Ahmed aussi prend du plaisir à nos joutes verbales. C’est à celui qui aura le plus souvent raison.
Quelle merveilleuse façon de revisiter le passé.
Un passé vidé de ses souffrances mais pas totalement de ses sentiments.
Soudain, je nous observe : nous sommes là comme deux vieux, regardant dans le rétroviseur une vie pleine d’action et qui s’est achevée.
Mais non, nous avons encore tant de choses à vivre ! En voilà, une chance !
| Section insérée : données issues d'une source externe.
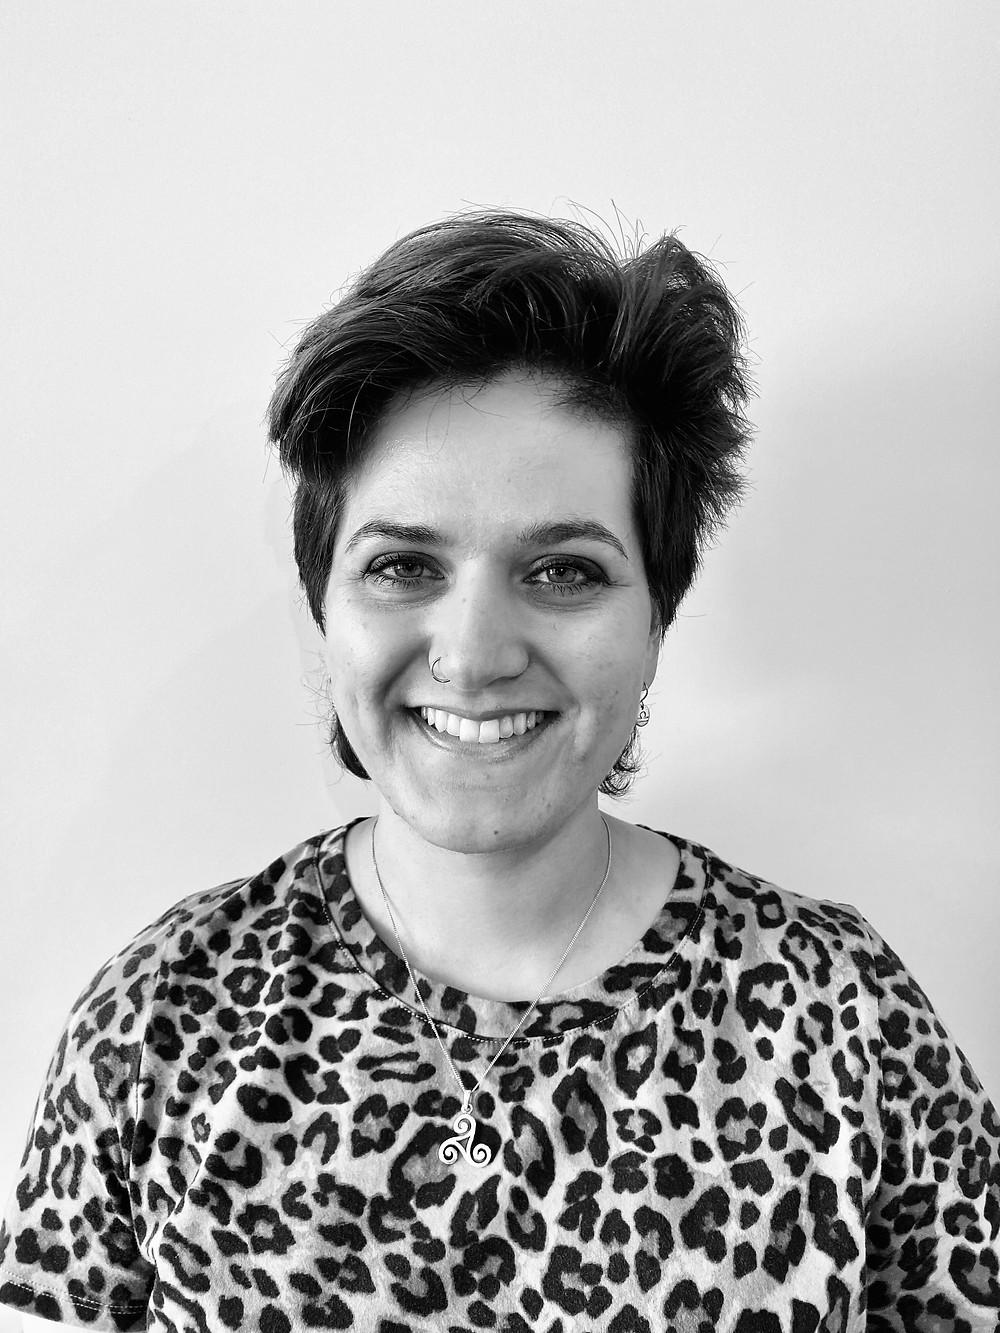 Media Precinct's Kate Farquharson

Ahmed me répond : « De quoi d’autre veux-tu que l’on parle ? C’est le passé que nous avons en commun, pas le présent… » Quelle triste sagesse dans cette phrase.
Enfin, triste, je ne sais : chacun a de son côté une vie présente bien remplie et –apparemment- heureuse. Alors, pourquoi s’apitoyer ?
Je laisse donc Ahmed me montrer sur son appareil photo les dernières photos qu’il a prises d’Hassan. D’ailleurs, Hassan est-il toujours aussi beau que dans mon imagination ?
Oh oui ! Son expression s’est endurcie, il semble avoir pris un soupçon de bedaine (« c’est la bière », dénonce gentiment Ahmed), mais c’est bien lui, avec ses traits fins et ses yeux noirs. Je regarde attentivement dans le petit écran, je zoome au maximum.
Ahmed me propose de me photographier à mon tour et de montrer les photos à Hassan. Pourquoi refuser à Hassan ce plaisir de replonger dans le passé, qu’Ahmed me permet de connaître ?
Je pose, les gens dans le café se demandent qui est cette bêcheuse qui dit à son ami « tu peux me prendre de pied aussi, si tu veux », mais je m’en moque. Ahmed enregistre un petit message de 13 secondes, et quand c’est dans la boîte, je lui dis : « J’aimerais bien être une toute petite souris à côté de vous pour voir la réaction d’Hassan quand tu lui montreras ce film ! »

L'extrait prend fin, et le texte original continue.